Many of these students are inspired and become conservationist and environmental leaders. In addition, scientists from around the world visit the Garden to learn about California natives. Local gardeners take classes, and home gardeners learn zeroscape landscaping and other techniques.

Today we do not have the room to conduct these education programs as well as we should. About a quarter of the new square footage is for education.

Our research staff, garden staff, and administrative staff today work in an unproductive small space. After the rebuild of the Gane House, which was lost to fire, less than 1,000 additional square feet are for staff, volunteer, and visitor-serving space.

The reason there are no significant environmental impacts is because we are adding a very small about of space for very low impact use. It would be like a private home adding a plant shed and a place to store lawnmowers, or a 20- or 40-year-old home adding modern closets and bathrooms, and maybe a study, but not building a second unit.

What do you say to critics who complain that the Vital Mission Plan, and your administration specifically, is moving away from the Garden’s original mission?

As explained above, this is all about carrying out our mission, of plant conservation, research, education, and display. Our mission was well-stated in 1927: “It is the aim of the Garden Committee to so unite the aesthetic, educational, and scientific that this Garden will hold a unique place in the horticultural world.”

Our mission today is unchanged. Some like to think of the Garden as a private nature preserve or a neighborhood park, but this never has been our mission.

Do you believe that the Garden has played nice enough with the neighbors and upheld its end of the deal to be a good neighbor?

One can never do enough to be a good neighbor. Since 1999 we have proposed plans and presented to our neighbors. We have listened and changed and refined the plans as a result.

Each time there has been a group of neighbors who want more reductions. We have now eliminated every thing we can eliminate. Until this plan, we never submitted a final plan for review by the county. Looking at past plans, this plan represents a huge reduction.

Being a good neighbor goes both ways. We are proud of the dozens of neighbors who have stepped up as supporters of our plan in the face of critical attacks by the small group that is still opposed.

As we spent a decade and a lot of funds listening and changing and rechanging and rechanging our plans in response to those opposed, they have not appreciated or even understood our need for the very basic plan we propose today.
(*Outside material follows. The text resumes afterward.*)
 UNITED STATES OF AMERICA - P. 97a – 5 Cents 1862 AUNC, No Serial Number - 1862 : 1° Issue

I guess the fire hydrants fit this behavior the best. As part of the Vital Mission Plan we have proposed a myriad of fire protection measures. Six new fire hydrants were included in the original submittal, yet we determined about 18 months ago that we did not want to tempt fate without the protection of the hydrants. It seemed like a no-brainer to move ahead with those right away.

Yet the very same group that remains opposed to the Garden Vital Mission Plan opposed the hydrants, costing the Garden tens of thousands of dollars in legal and engineering costs. Fortunately, the Garden prevailed and those very six hydrants allowed us to save the landscaped section of the Garden, including the seed bank and other important buildings. Others feel that stopping the fire at the Garden protected much of Mission Canyon.
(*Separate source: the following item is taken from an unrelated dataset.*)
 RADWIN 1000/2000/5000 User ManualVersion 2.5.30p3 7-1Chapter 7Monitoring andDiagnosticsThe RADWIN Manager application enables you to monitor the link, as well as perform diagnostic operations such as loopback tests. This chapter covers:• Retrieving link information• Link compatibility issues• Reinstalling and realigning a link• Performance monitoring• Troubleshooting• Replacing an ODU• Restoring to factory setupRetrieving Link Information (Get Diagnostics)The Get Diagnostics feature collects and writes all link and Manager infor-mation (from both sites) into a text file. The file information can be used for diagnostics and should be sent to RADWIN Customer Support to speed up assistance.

If the opposition by this group is legitimate, we question why they would oppose hydrants? And why would they oppose the bare bones plan they have asked us for over the past decade.

There is a need for give and take, we have given and given and those who remain opposed have taken and taken. It needs to be two-way.

A common complaint I hear is that there used to be more Gardeners than well-paid executives at the Garden. What do you say to that?

This is not true. The Garden is run by a skeleton staff of four executives. Like every non-profit, the recession has hit us hard, but we have not laid off a single gardener.

How many more special events are expected each year, and how much larger will those special events be than in the past?

Presently there’s no limit on special event. With the vital mision plan, there will be limits in place for the first time. There will be neither more nor larger special events than in the past.